Artico sempre più caldo: alle Svalbard una primavera da record sconvolge ghiacci ed ecosistemi
Temperature fino a 12 °C sopra la media, piogge persistenti e fusione precoce della neve stanno trasformando il paesaggio delle Svalbard, con ovvi, e gravi, effetti sulla fauna locale e sulle attività di ricerca scientifica
La primavera artica del 2026 si sta configurando come una delle più calde, imprevedibili e complesse degli ultimi anni. Temperature eccezionalmente elevate, precipitazioni anomale e una fusione anticipata della neve stanno trasformando profondamente gli ecosistemi delle Svalbard, come evidenziato dal progetto europeo Liquidice, coordinato dall’Istituto di Scienze Polari del Consiglio Nazionale delle Ricerche (Cnr-Isp).
Secondo i ricercatori, l’eccezionale anomalia climatica registrata nei mesi primaverili ha determinato una rapida scomparsa del manto nevoso sulla terraferma. Parallelamente, nel settore meridionale dell’arcipelago, venti persistenti hanno compattato il ghiaccio marino lungo la costa, ostacolando l’accesso via mare ai siti di monitoraggio e alle basi scientifiche.

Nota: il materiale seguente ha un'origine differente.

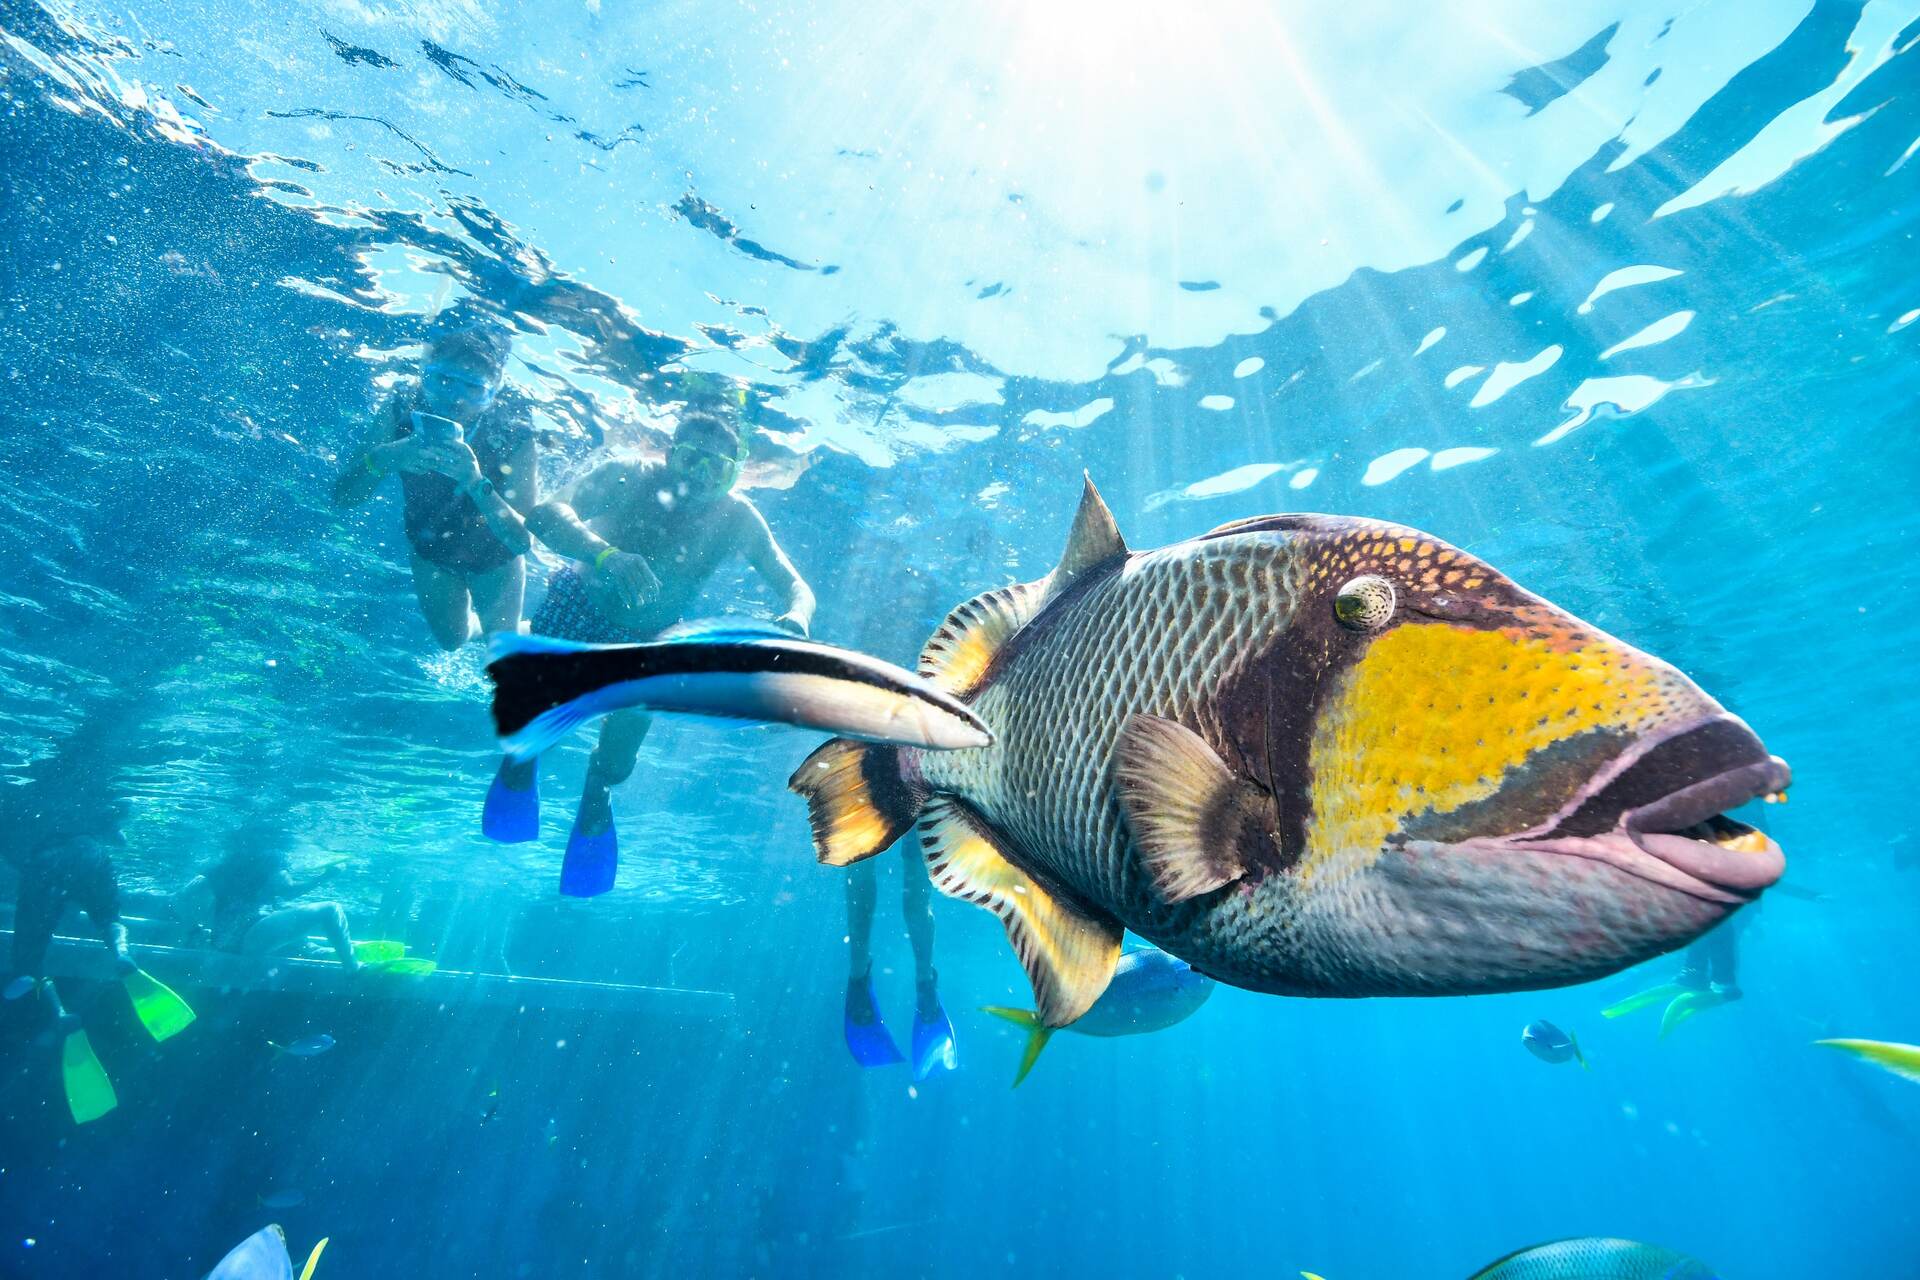 Muscoli artificiali: i movimento di un pesce sott'acqua è uno dei più complessi da riprodurre
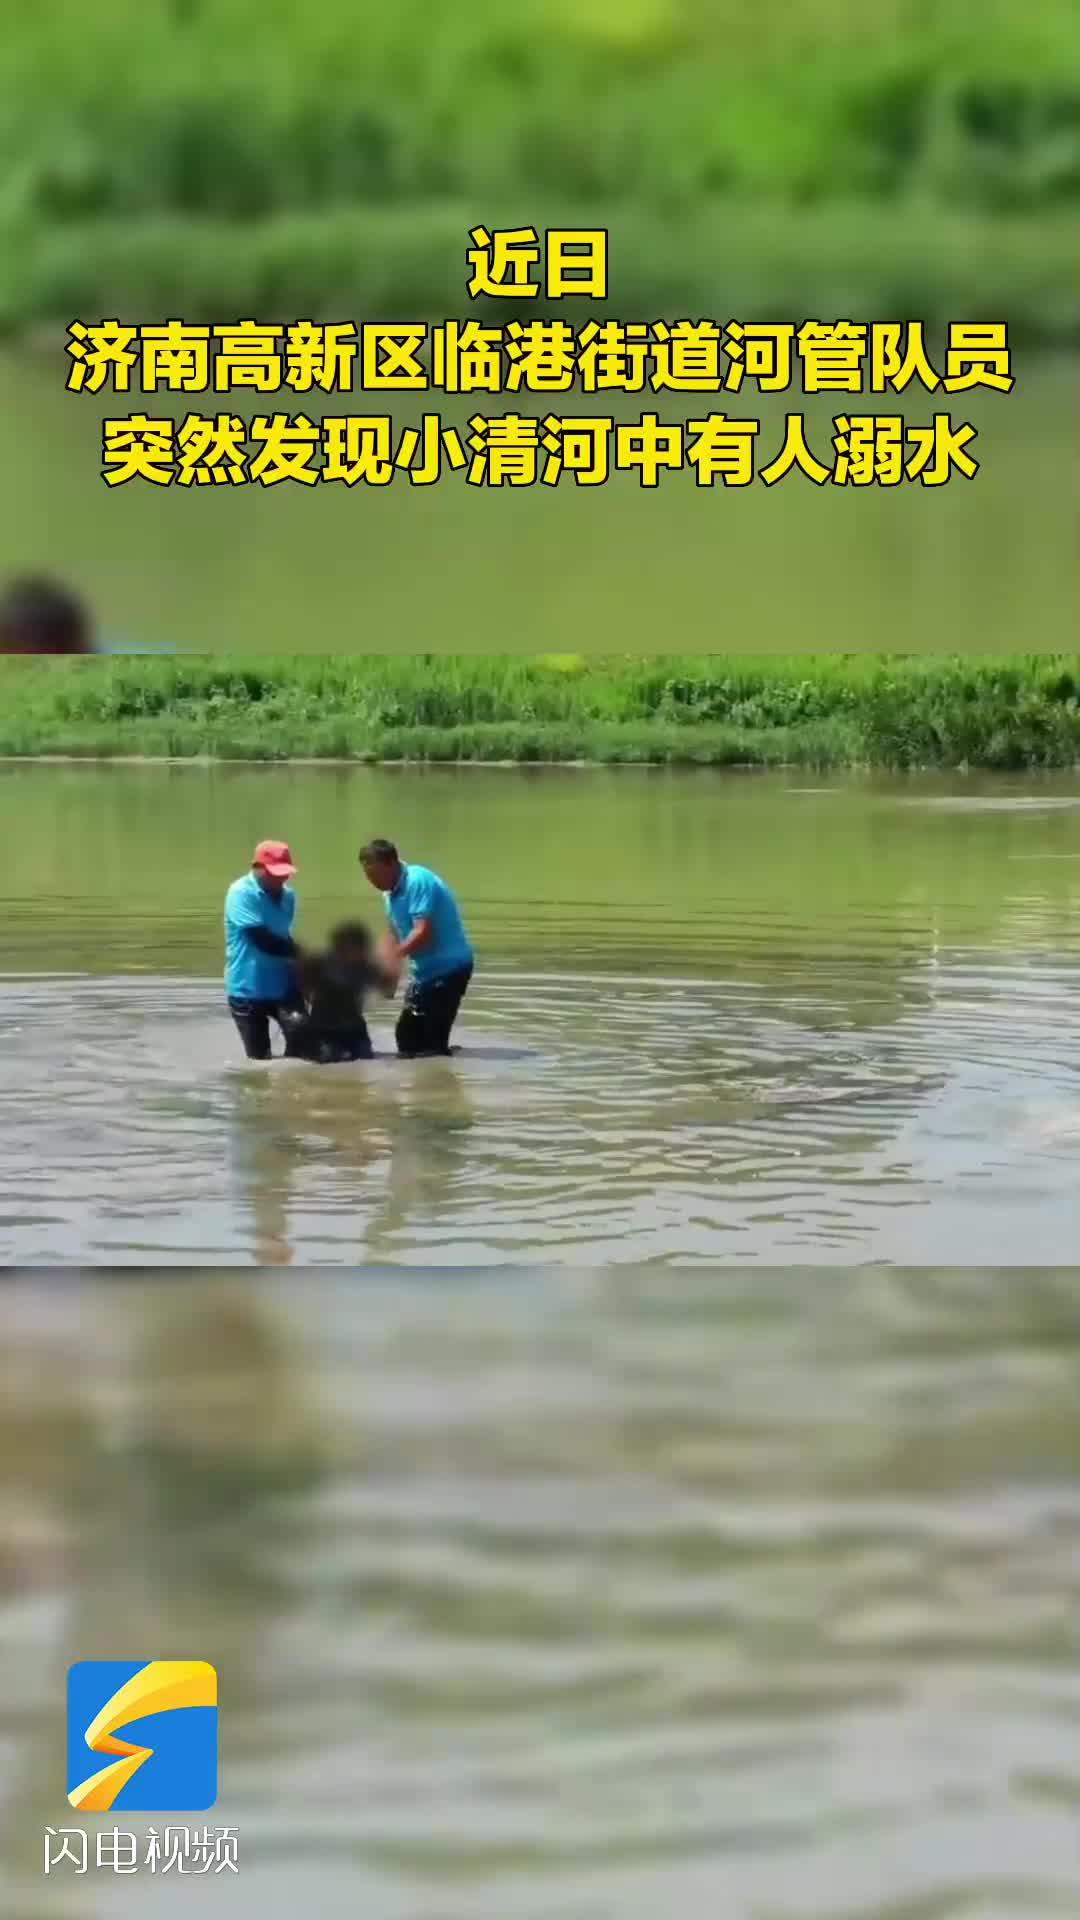 天气炎热 小心溺水！济南高新区临港街道河管队员解救溺水女孩

«Nel mese di aprile abbiamo registrato temperature fino a 12 °C superiori alla media stagionale, accompagnate da precipitazioni piovose per circa diciotto giorni», spiega Federico Scoto, ricercatore del Cnr-Isp e membro del progetto. «In un periodo dell’anno in cui normalmente le temperature oscillano tra -10 e -15 °C, quest’anno sono rimaste sopra lo zero per quasi due settimane».
L’ondata di calore, combinata con le precipitazioni liquide, ha innescato fenomeni tipicamente estivi con largo anticipo. Torrenti e canali di acqua di fusione si sono formati sui ghiacciai e nelle aree costiere attorno a Ny-Ålesund già in primavera, mentre gli strati inferiori del manto nevoso si sono saturati d’acqua. Ciò ha favorito la formazione di spesse croste di ghiaccio al suolo, rendendo più difficile per la fauna locale, in particolare le renne, accedere alle risorse alimentari.
Anche l’ambiente marino ha mostrato segnali evidenti di cambiamento. Francesco Paladini, anch’egli ricercatore del Cnr-Isp, sottolinea come il fiordo sia stato interessato da un significativo afflusso di acque atlantiche più calde. Le temperature degli strati superficiali hanno superato i 3 °C, un valore estremamente insolito per la primavera artica, che rappresenta tradizionalmente il periodo più freddo dell’anno e in cui le temperature medie dell’acqua si attestano generalmente tra 0 e -0,5 °C.
Le osservazioni raccolte dal progetto Liquidice confermano dunque una crescente instabilità del sistema climatico artico, con effetti sempre più evidenti sia sugli ecosistemi terrestri e marini sia sulle attività di ricerca scientifica nella regione.